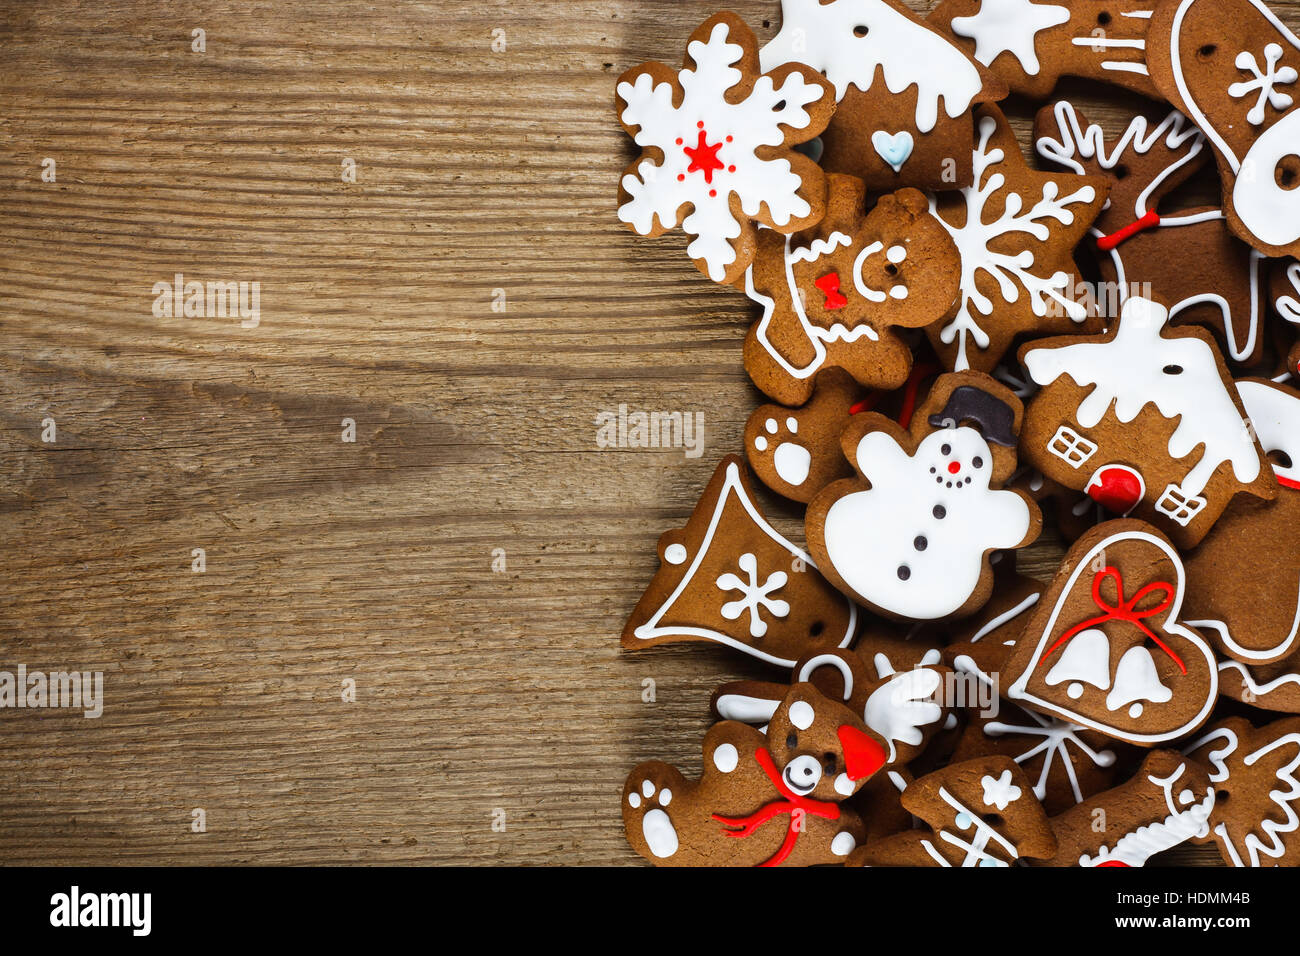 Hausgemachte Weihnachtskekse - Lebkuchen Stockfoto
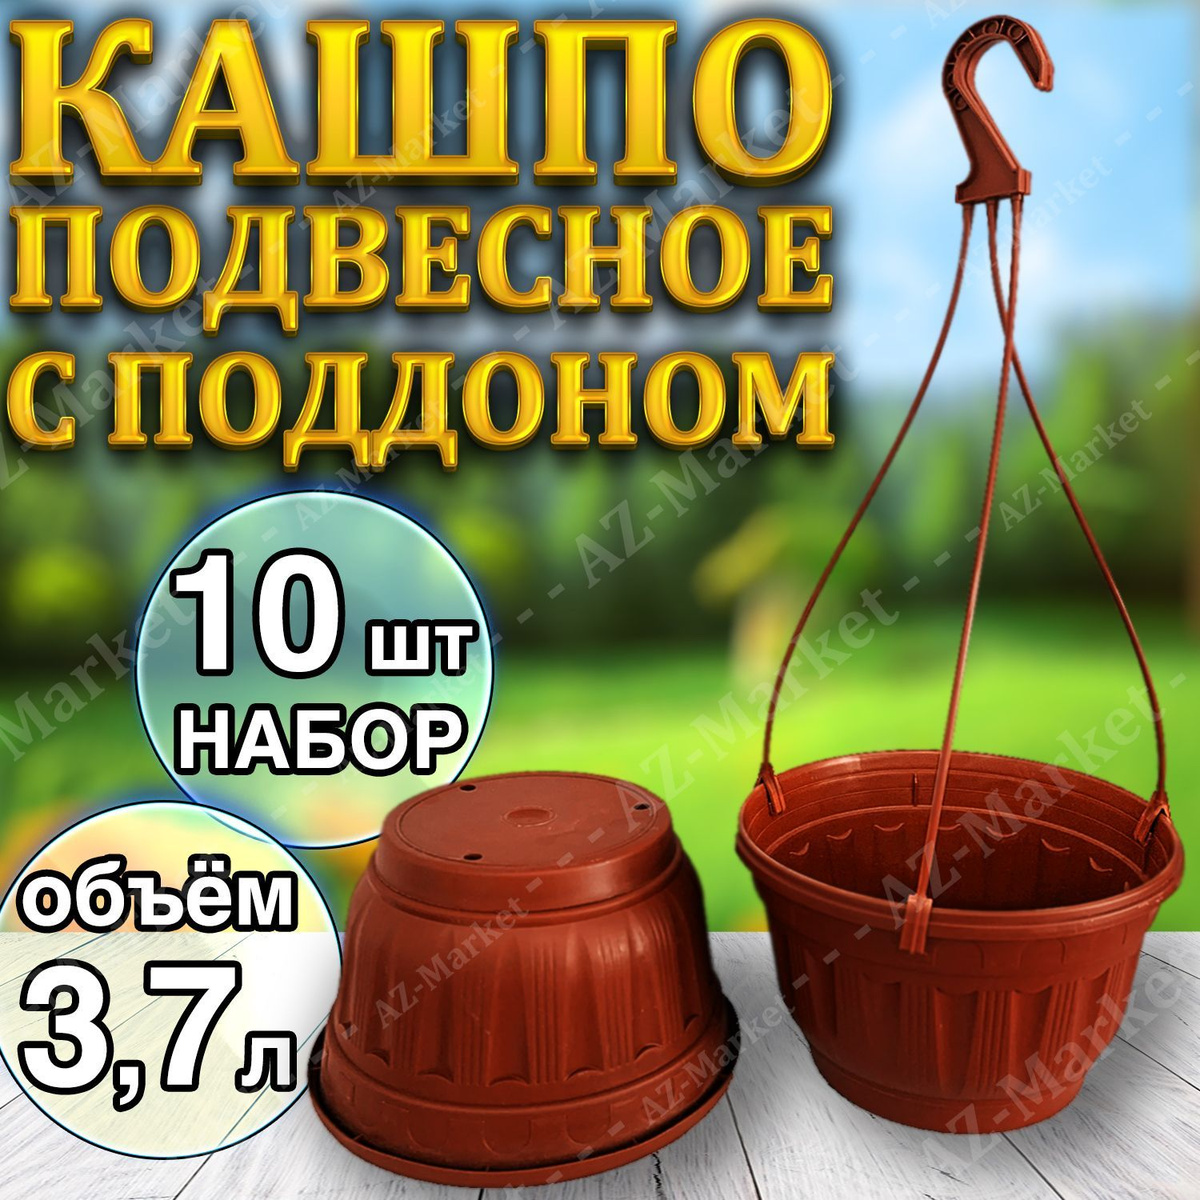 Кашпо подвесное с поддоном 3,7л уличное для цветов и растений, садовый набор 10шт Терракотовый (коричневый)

----

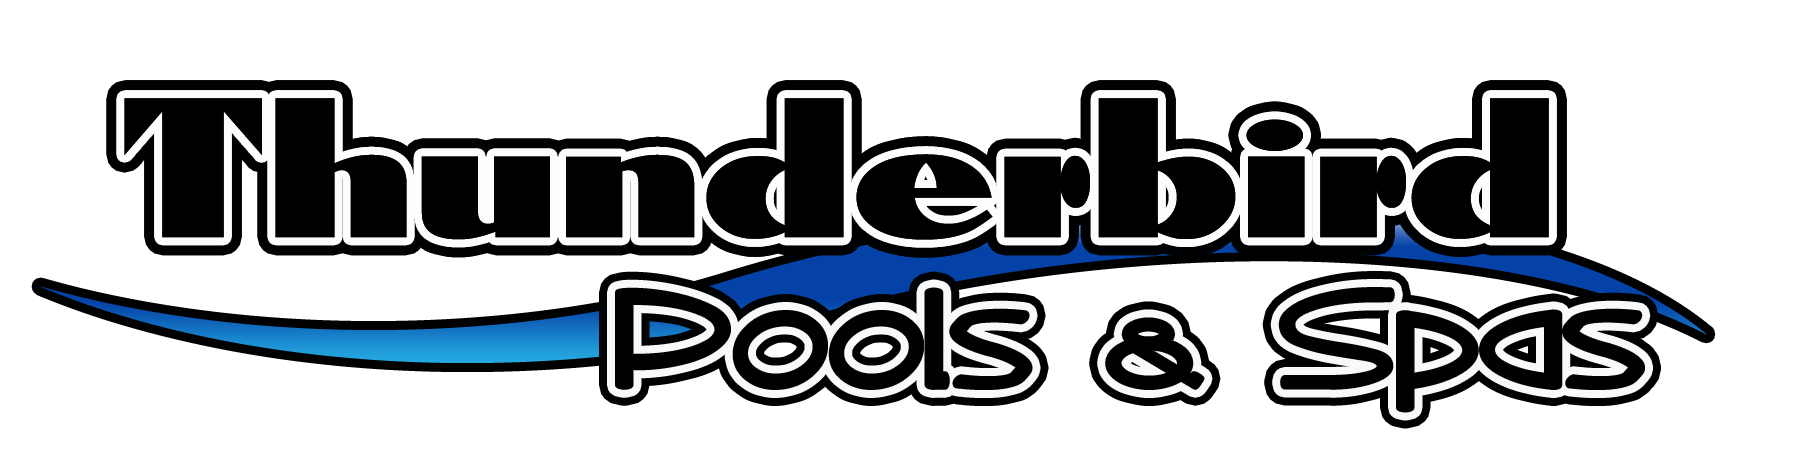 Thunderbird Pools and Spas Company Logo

----

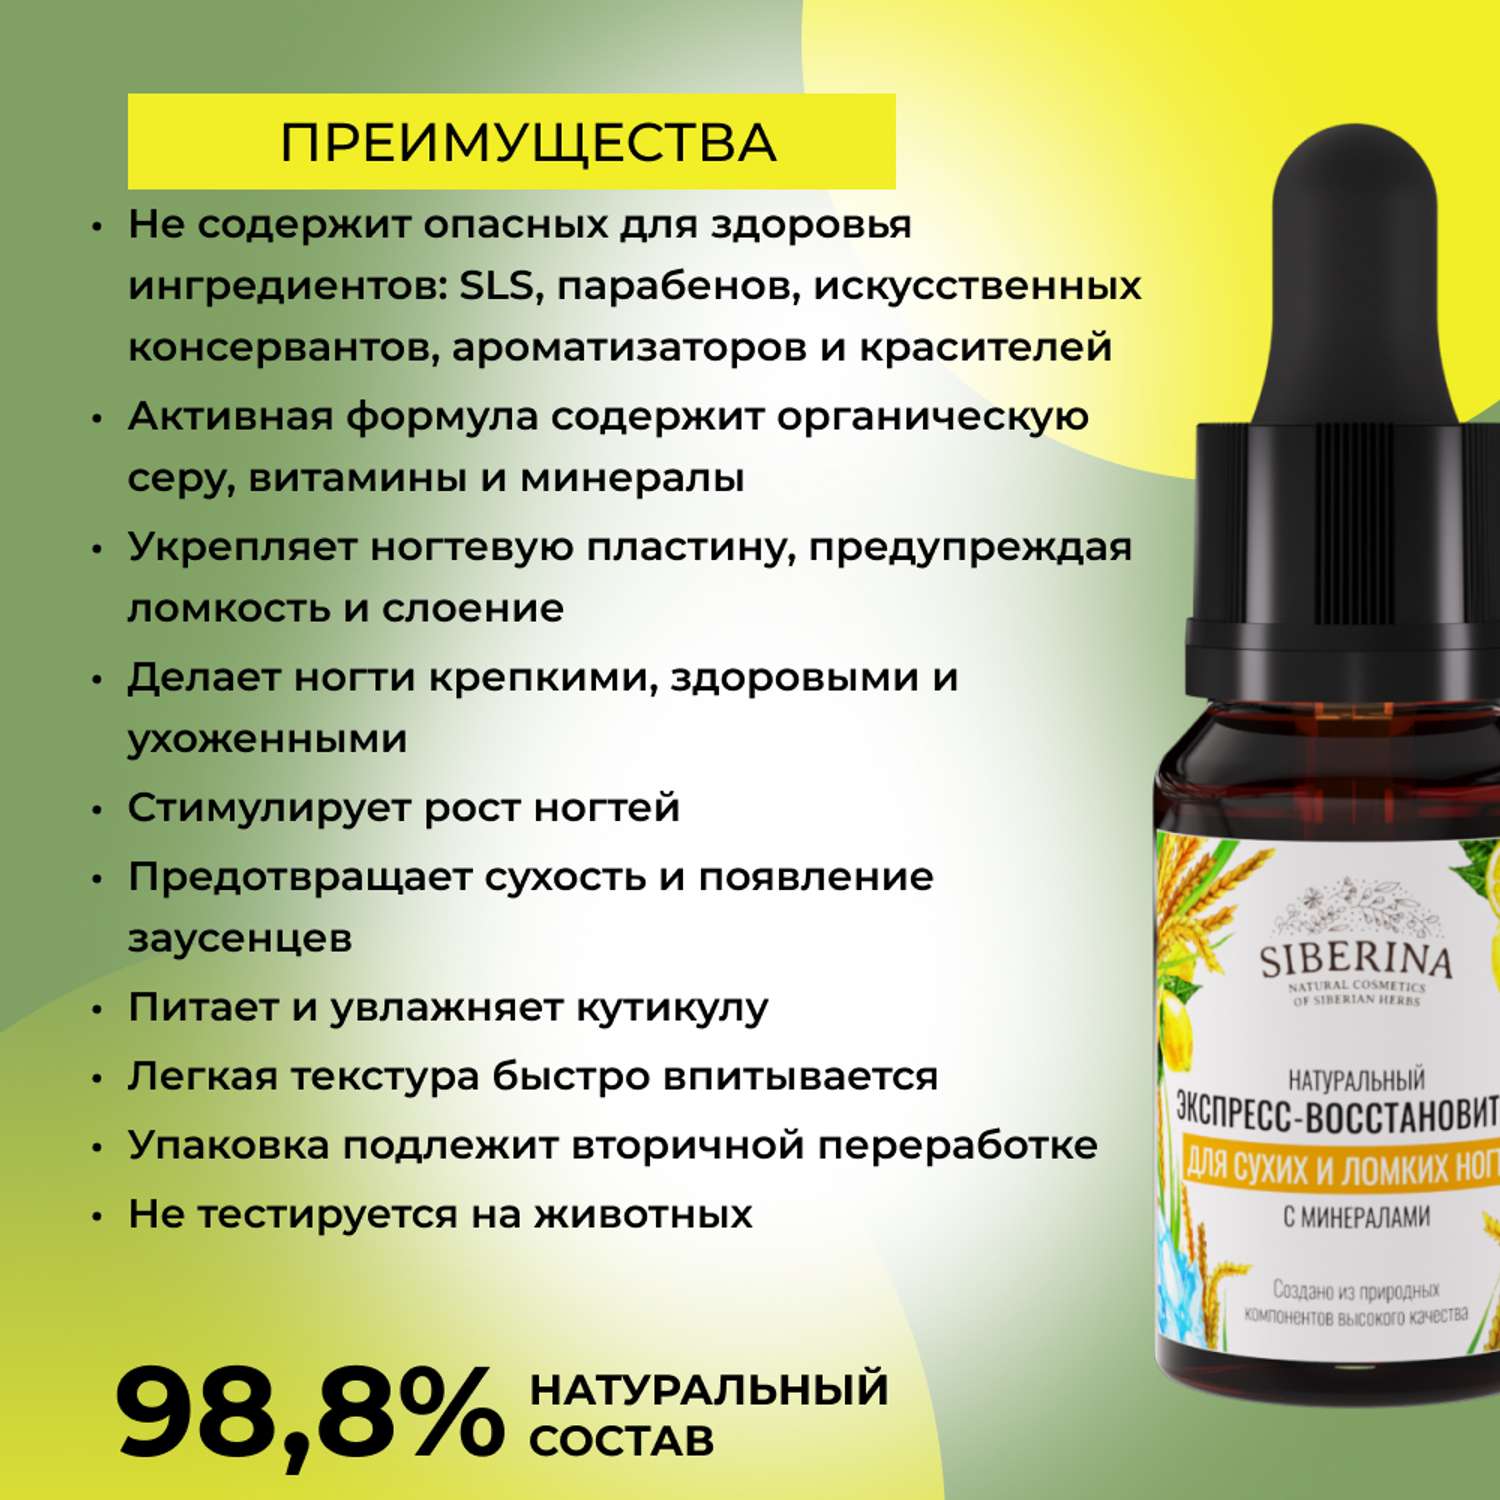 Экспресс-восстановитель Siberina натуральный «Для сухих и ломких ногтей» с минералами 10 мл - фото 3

----

About this exercise: Above this task is a listing with pictures in it. Retype only the lines from the one containing "Hausgemachte Weihnachtskekse - Lebkuchen" through the one containing "Кашпо подвесное с", both included, and not the pictures.

Problem solution:
 Hausgemachte Weihnachtskekse - Lebkuchen Stockfoto
 Кашпо подвесное с поддоном 3,7л уличное для цветов и растений, садовый набор 10шт Терракотовый (коричневый)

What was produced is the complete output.